━━ Source material

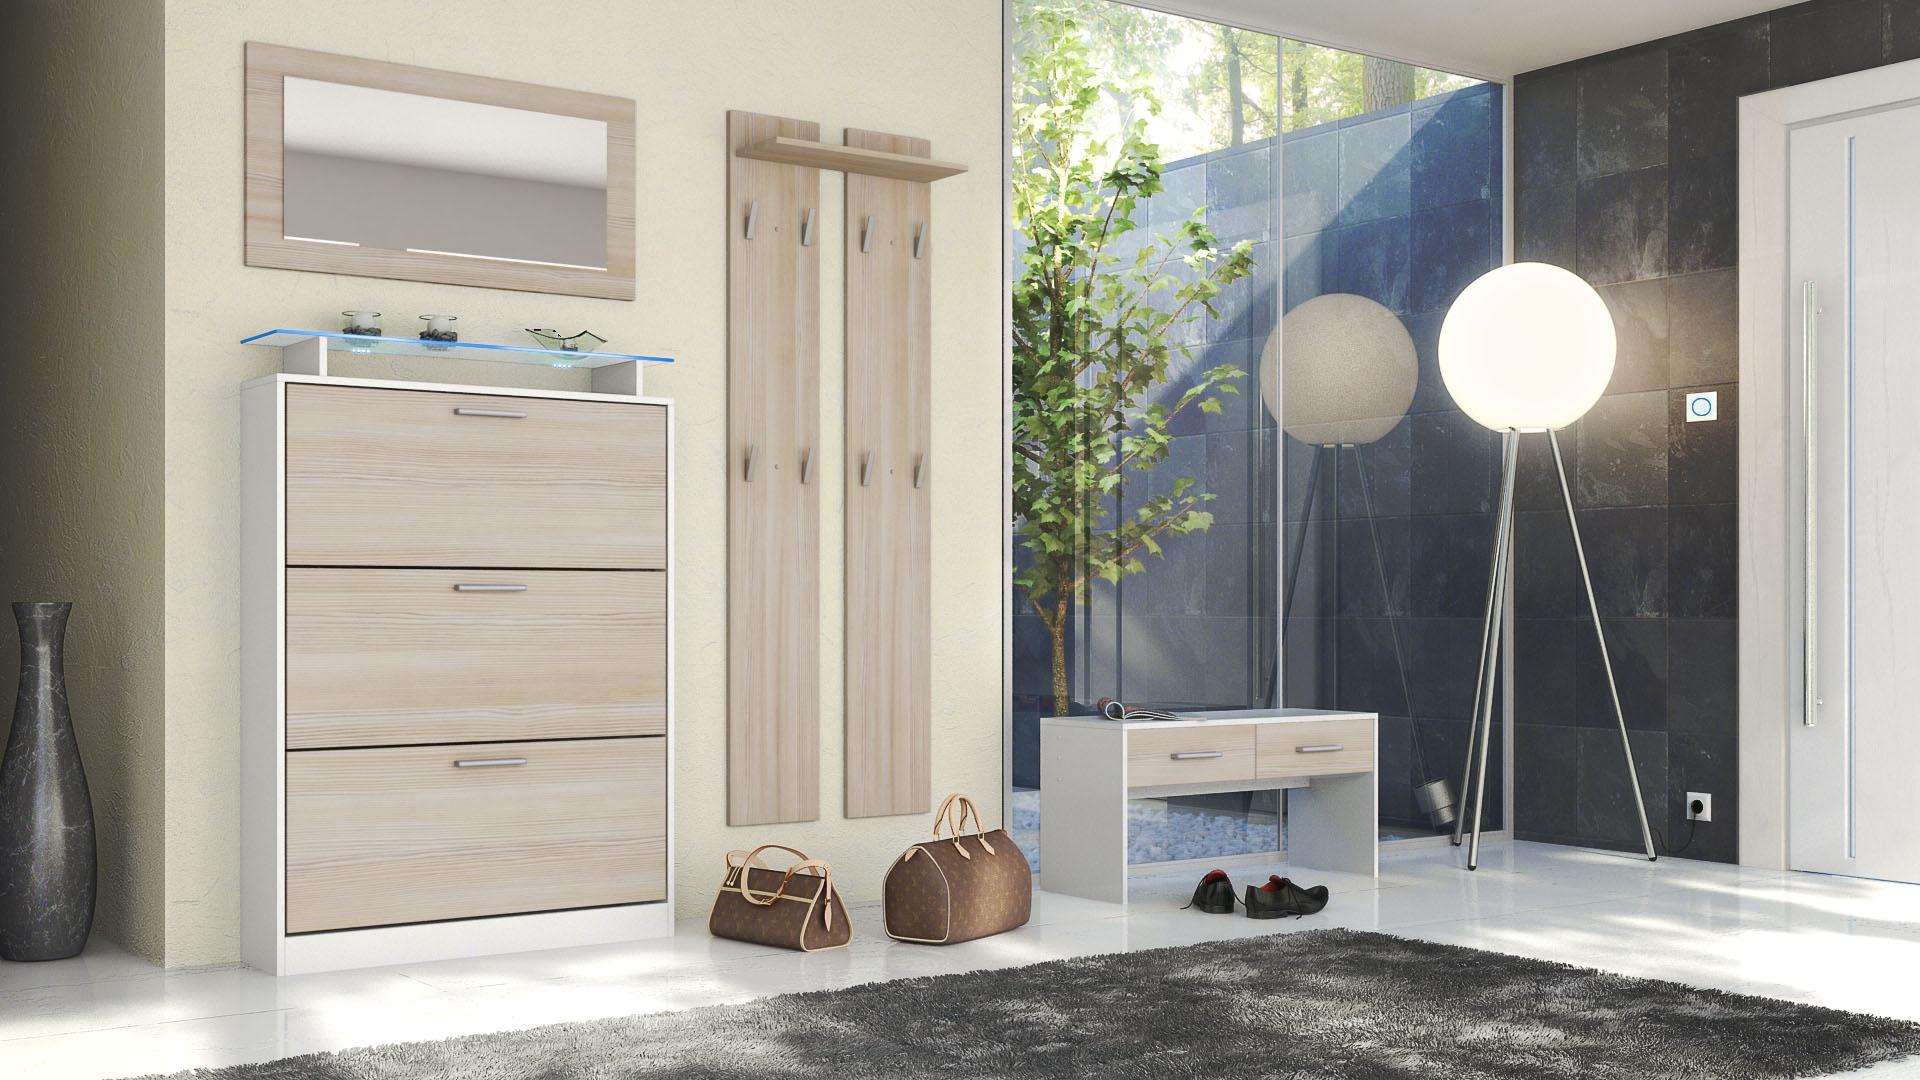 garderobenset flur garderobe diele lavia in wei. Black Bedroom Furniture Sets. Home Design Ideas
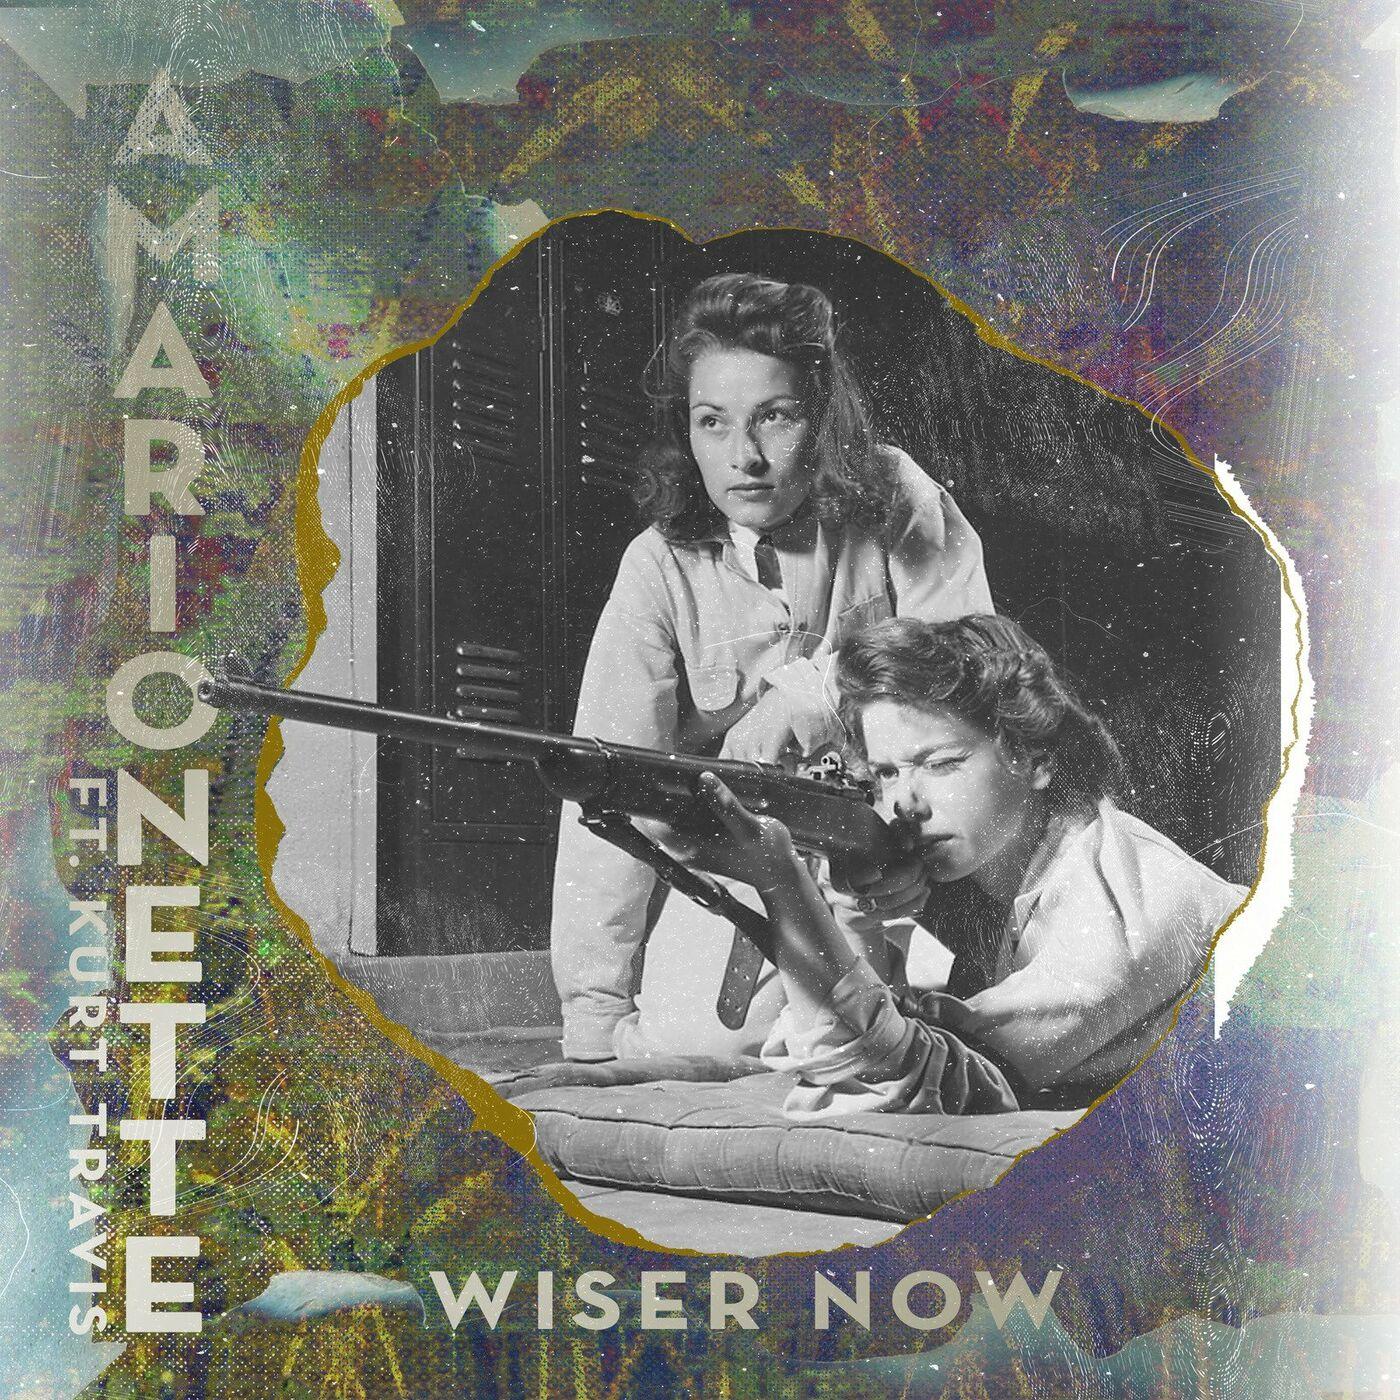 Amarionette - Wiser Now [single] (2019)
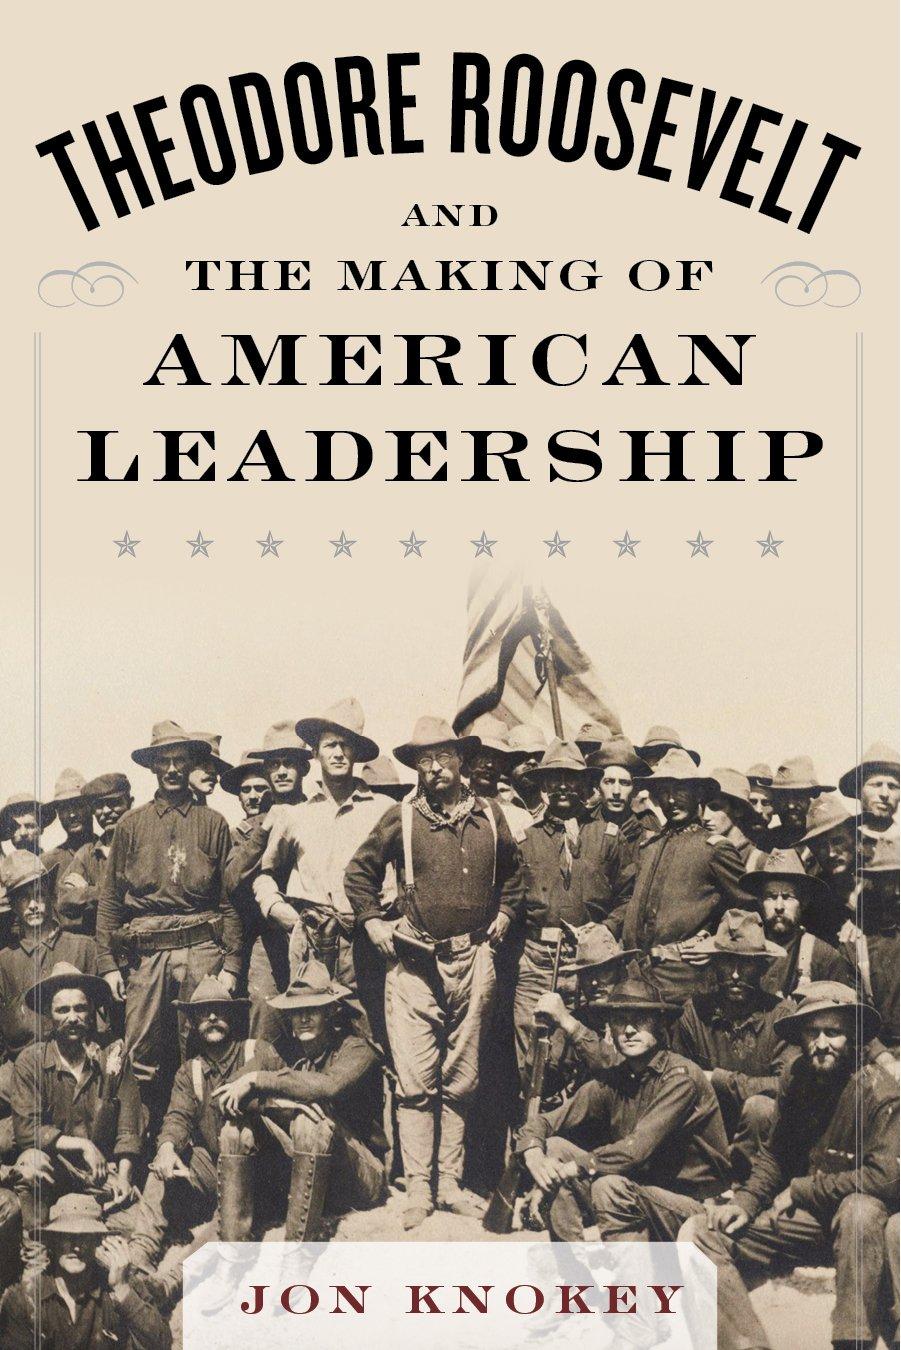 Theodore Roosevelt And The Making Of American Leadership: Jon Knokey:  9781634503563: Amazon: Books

━━━━

- [Brief]:
Would you copy all the material exactly, dropping the pictures?

- [Response]:
 garderobenset flur garderobe diele lavia in wei. Black Bedroom Furniture Sets. Home Design Ideas
 Amarionette - Wiser Now [single] (2019)
 Theodore Roosevelt And The Making Of American Leadership: Jon Knokey:  9781634503563: Amazon: Books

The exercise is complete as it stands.